Only the pictures should be dropped; every line of the data must come back exactly as written.

● **Recorded information**:
- Opening Delimiter -
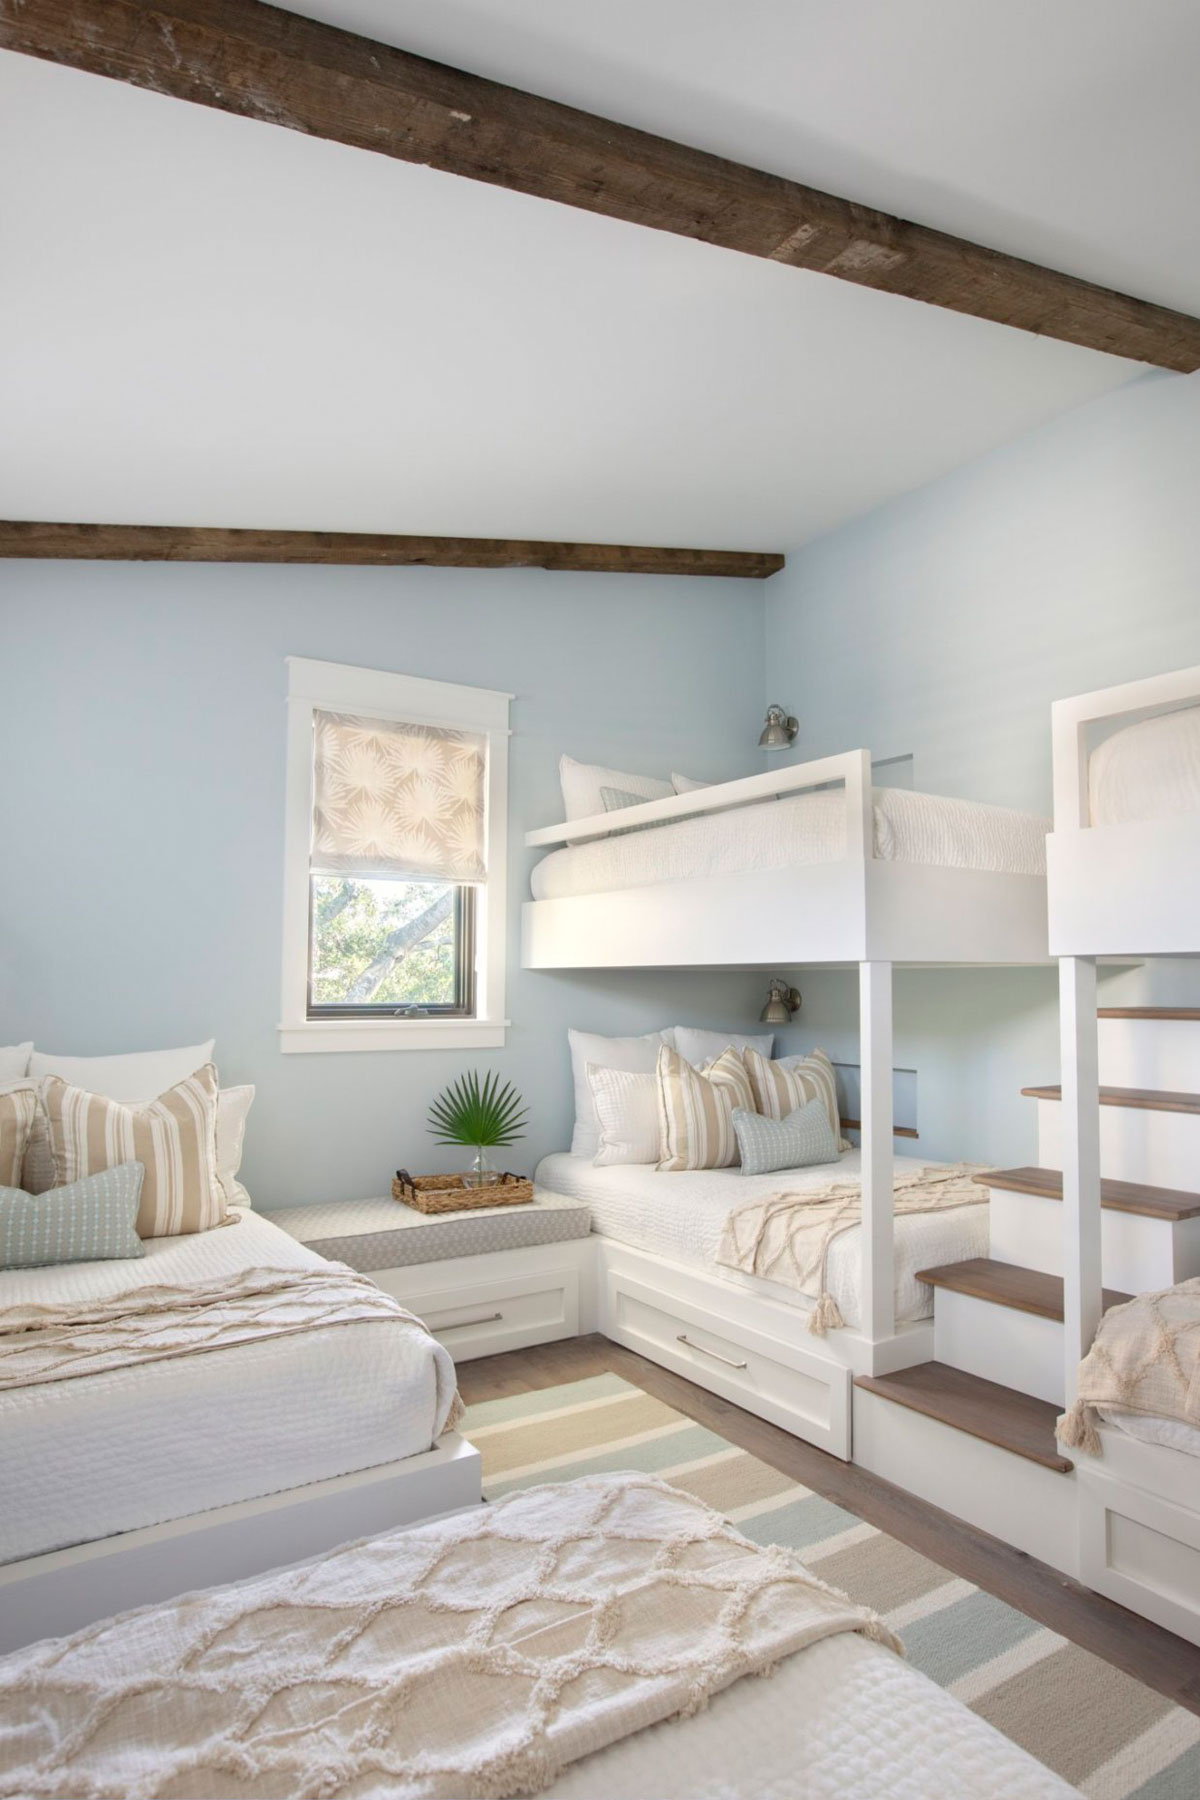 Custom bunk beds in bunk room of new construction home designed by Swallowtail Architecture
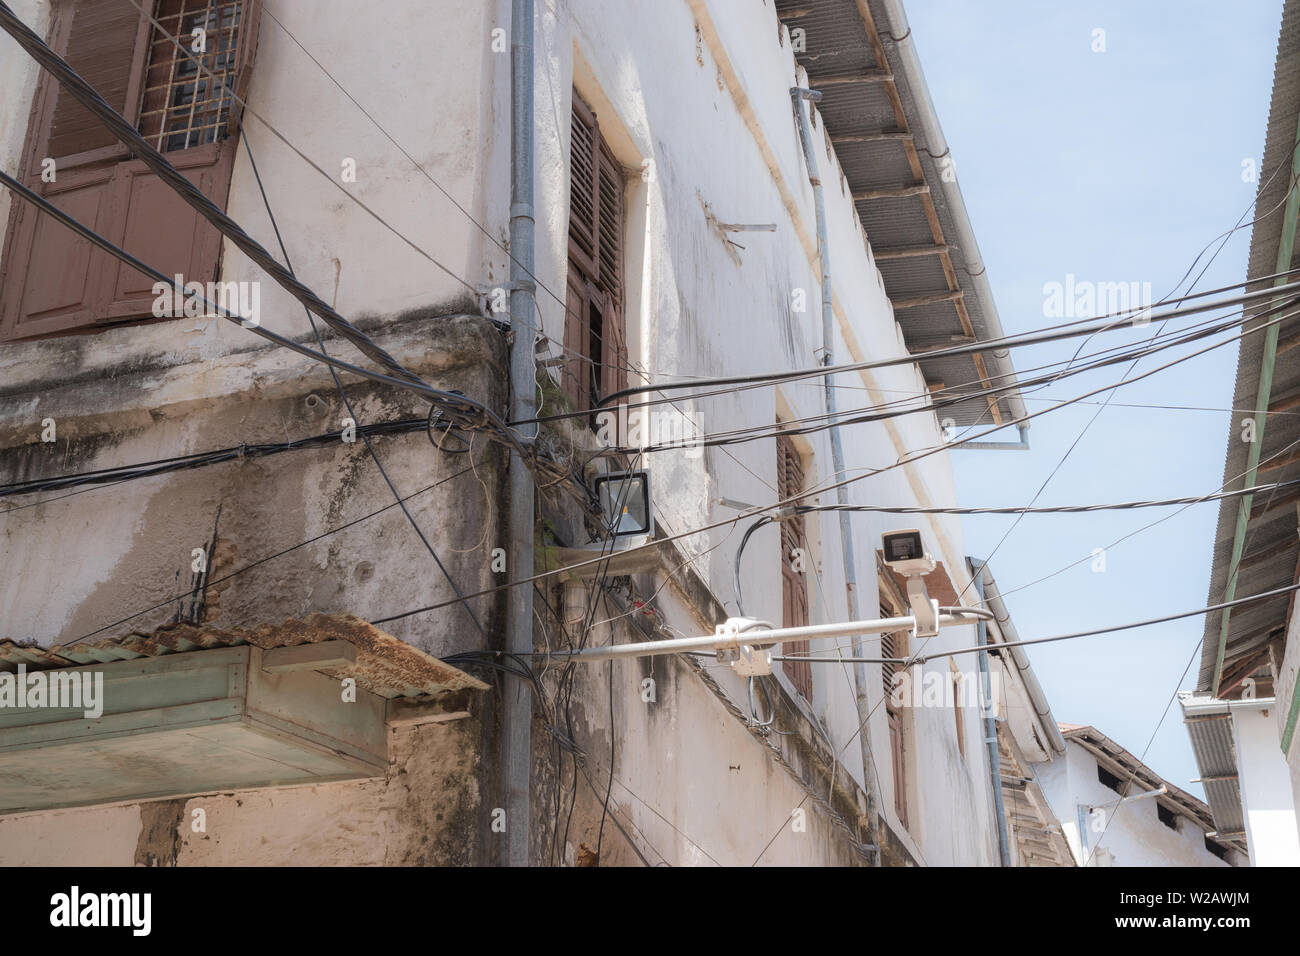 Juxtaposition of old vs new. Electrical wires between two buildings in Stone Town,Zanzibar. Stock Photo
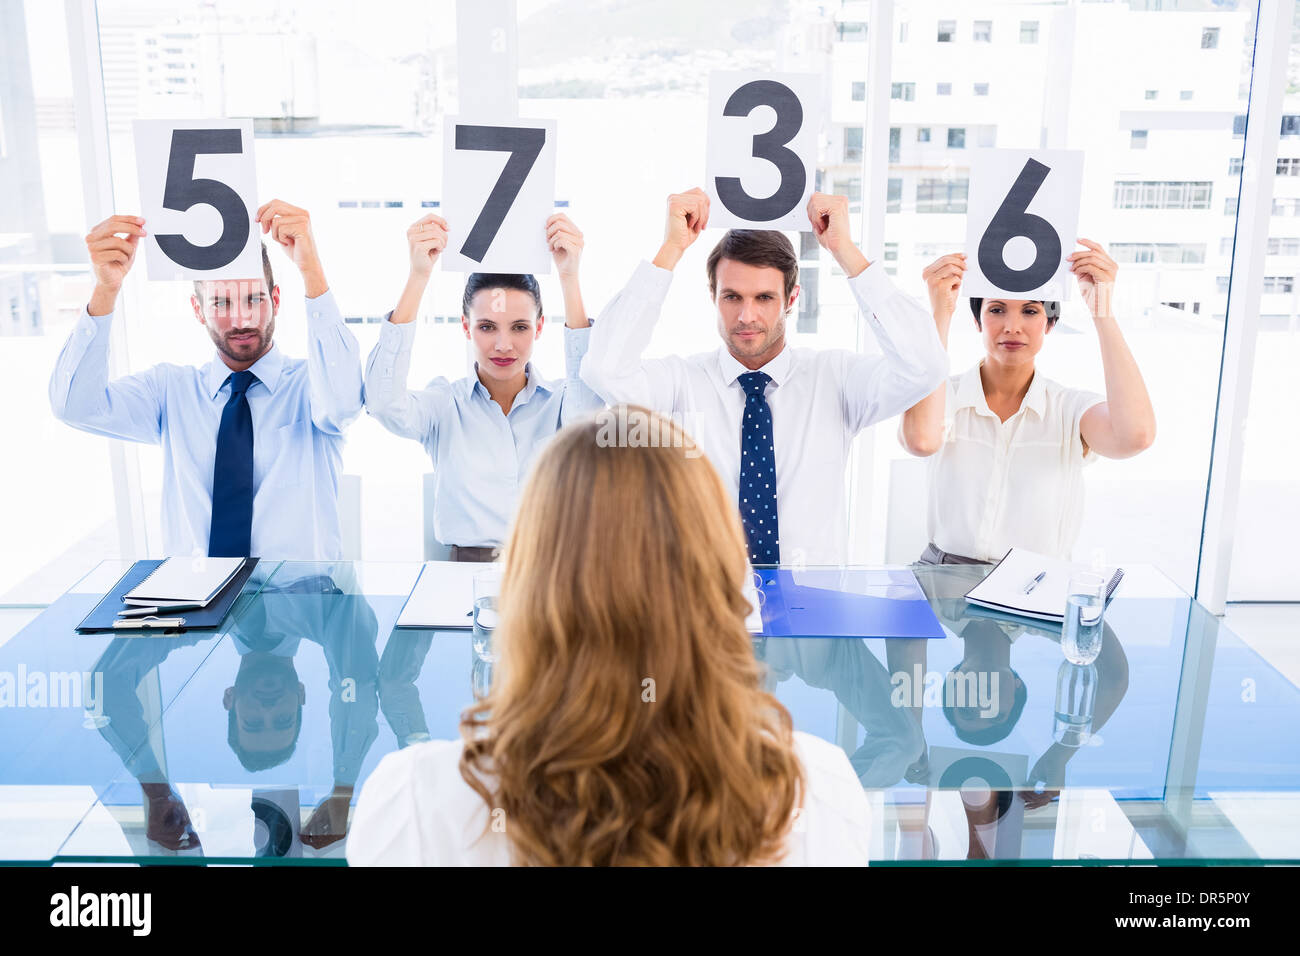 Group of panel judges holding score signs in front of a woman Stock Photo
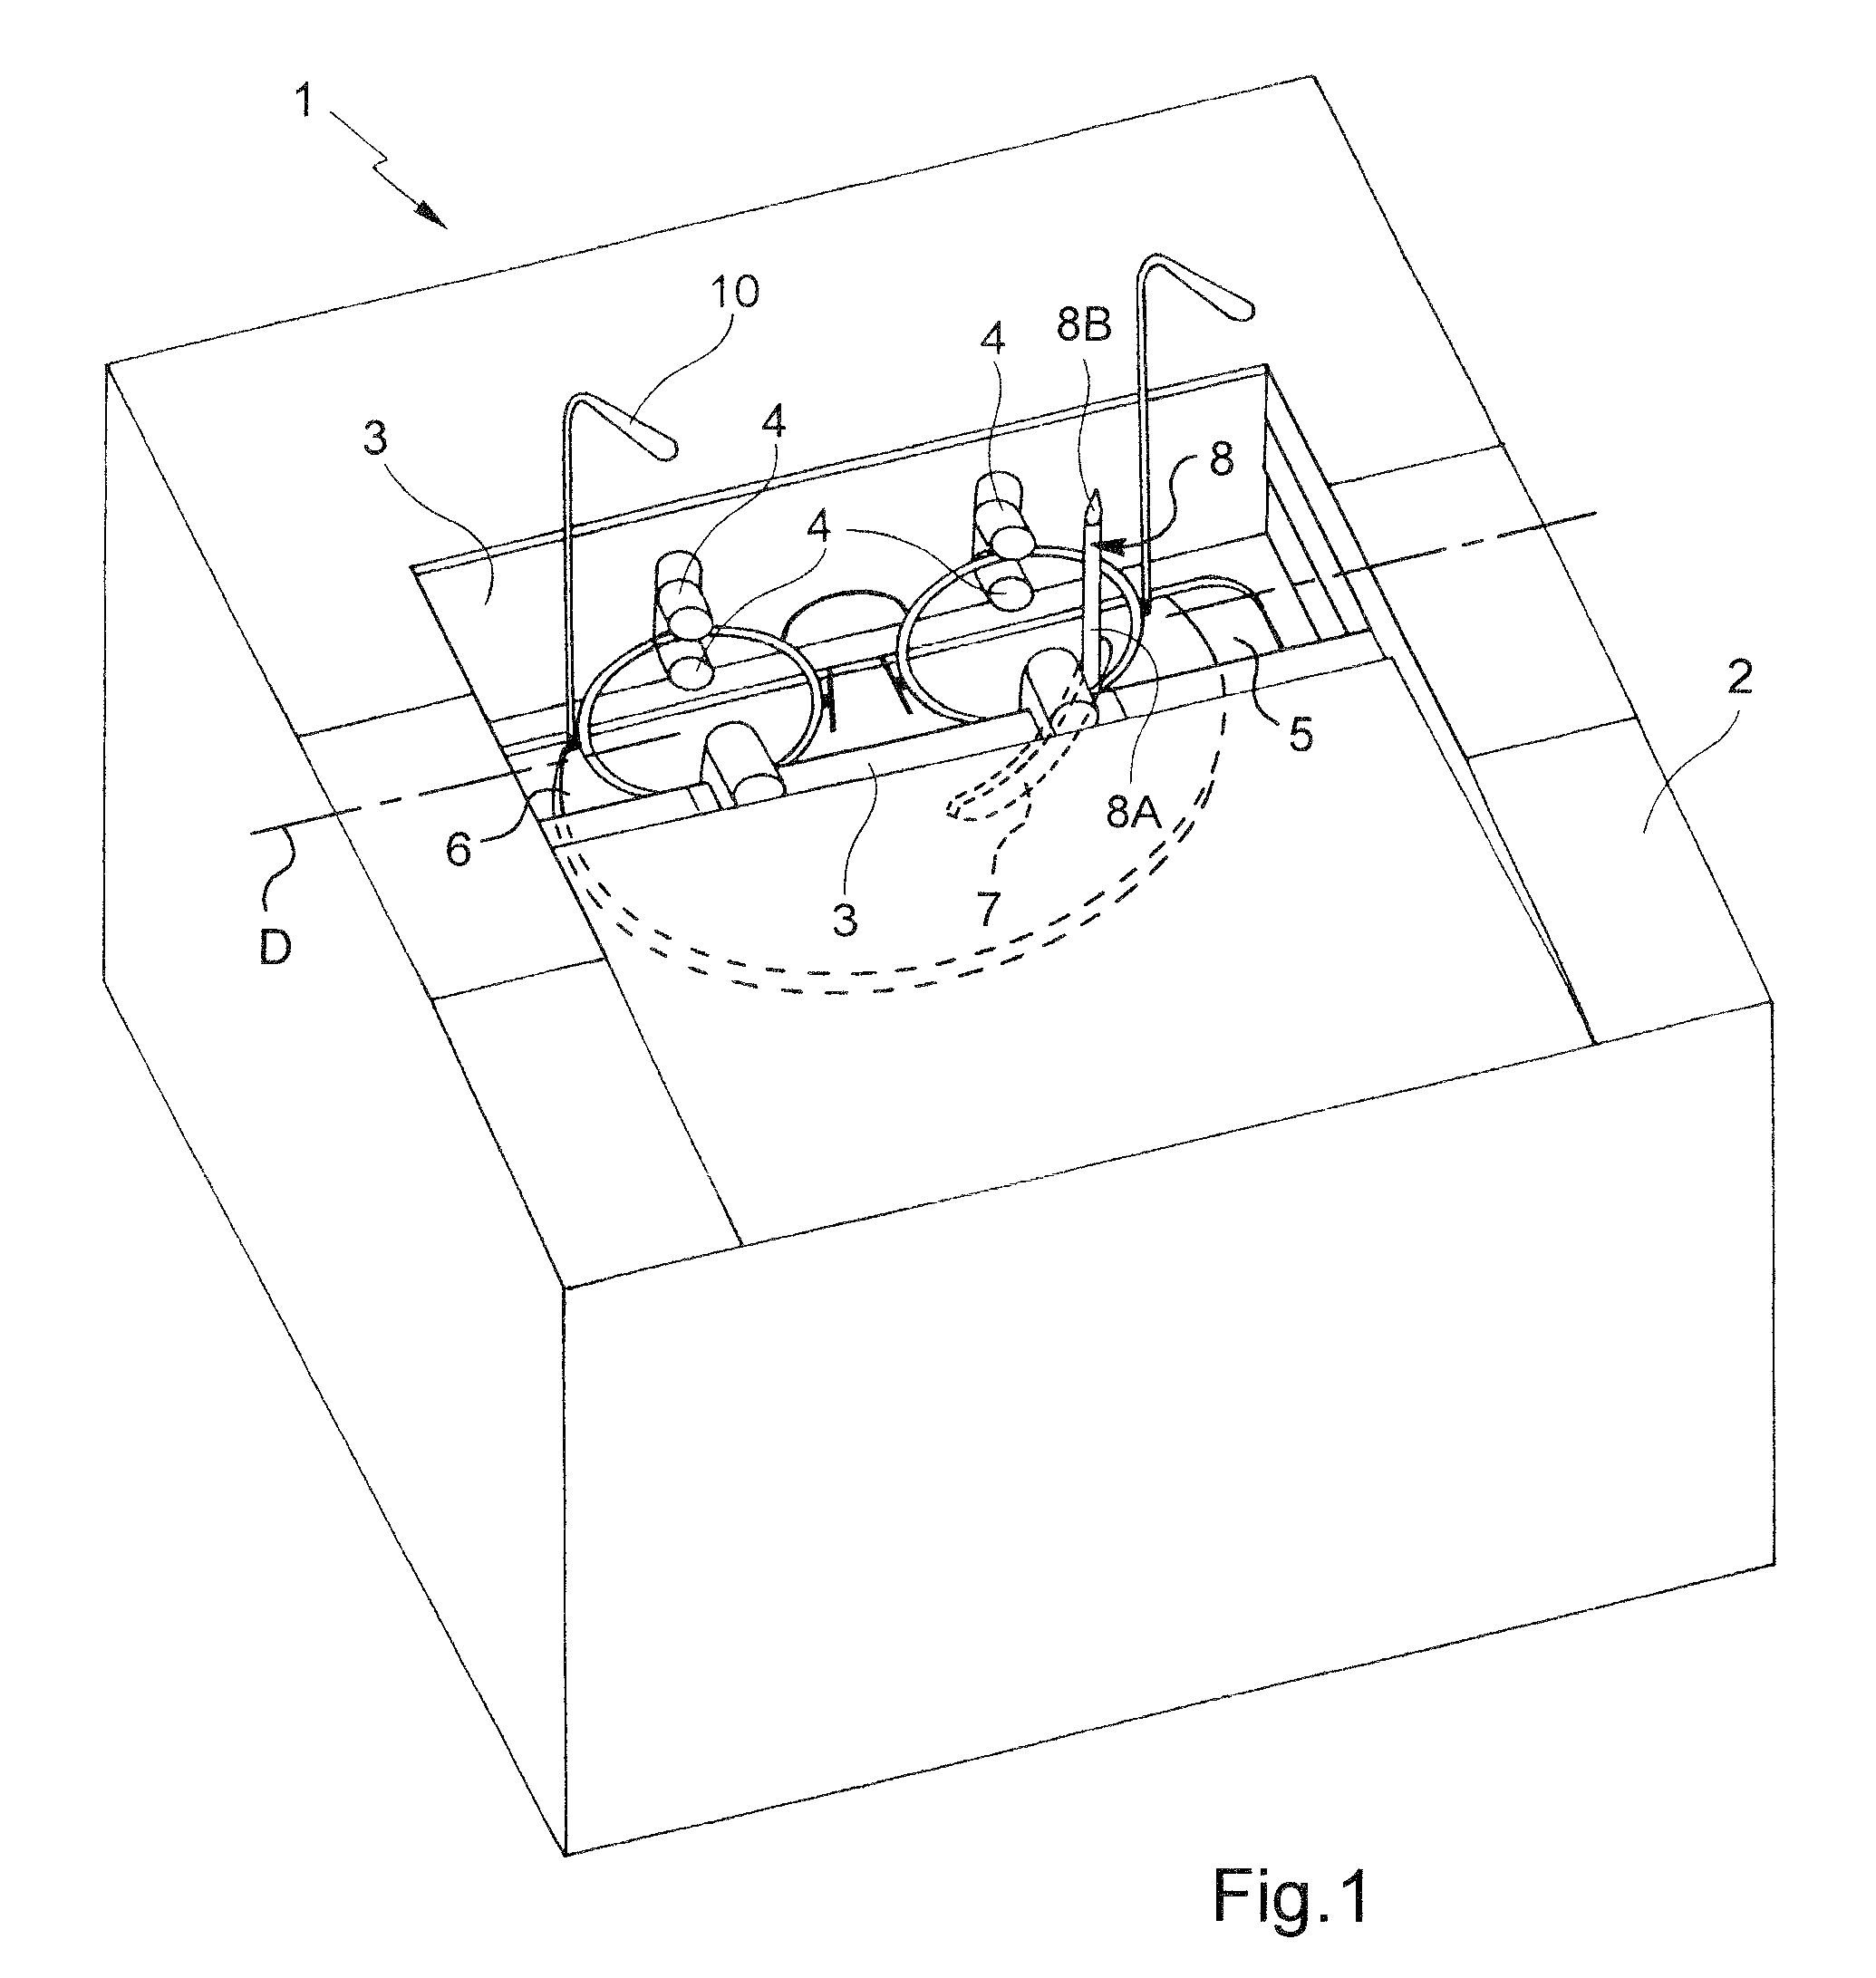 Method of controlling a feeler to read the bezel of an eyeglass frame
- Closing Delimiter -
● **Response box**:
 Custom bunk beds in bunk room of new construction home designed by Swallowtail Architecture
 Juxtaposition of old vs new. Electrical wires between two buildings in Stone Town,Zanzibar. Stock Photo
 Group of panel judges holding score signs in front of a woman Stock Photo
 Method of controlling a feeler to read the bezel of an eyeglass frame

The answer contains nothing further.